● **WORK TO BE COMPLETED**
In the listing below, the line containing "SP Advance M250BT" marks the end; copy exactly every line from the first through that one.

● **GIVEN INFORMATION**
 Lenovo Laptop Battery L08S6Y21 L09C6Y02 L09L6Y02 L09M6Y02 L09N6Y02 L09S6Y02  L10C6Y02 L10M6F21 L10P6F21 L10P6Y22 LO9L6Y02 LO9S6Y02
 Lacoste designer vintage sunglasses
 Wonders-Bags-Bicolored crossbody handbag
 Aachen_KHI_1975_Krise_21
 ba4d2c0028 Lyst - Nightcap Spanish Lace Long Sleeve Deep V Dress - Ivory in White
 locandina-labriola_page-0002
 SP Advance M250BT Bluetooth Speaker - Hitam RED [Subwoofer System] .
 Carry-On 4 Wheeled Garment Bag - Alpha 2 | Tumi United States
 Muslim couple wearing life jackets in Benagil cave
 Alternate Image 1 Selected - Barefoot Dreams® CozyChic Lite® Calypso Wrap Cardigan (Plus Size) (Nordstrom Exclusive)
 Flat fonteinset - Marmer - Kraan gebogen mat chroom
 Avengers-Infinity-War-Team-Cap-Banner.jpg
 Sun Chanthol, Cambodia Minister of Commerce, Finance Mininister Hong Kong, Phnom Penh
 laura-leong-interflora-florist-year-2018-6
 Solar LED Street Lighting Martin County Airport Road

● **TASK RESPONSE**
 Lenovo Laptop Battery L08S6Y21 L09C6Y02 L09L6Y02 L09M6Y02 L09N6Y02 L09S6Y02  L10C6Y02 L10M6F21 L10P6F21 L10P6Y22 LO9L6Y02 LO9S6Y02
 Lacoste designer vintage sunglasses
 Wonders-Bags-Bicolored crossbody handbag
 Aachen_KHI_1975_Krise_21
 ba4d2c0028 Lyst - Nightcap Spanish Lace Long Sleeve Deep V Dress - Ivory in White
 locandina-labriola_page-0002
 SP Advance M250BT Bluetooth Speaker - Hitam RED [Subwoofer System] .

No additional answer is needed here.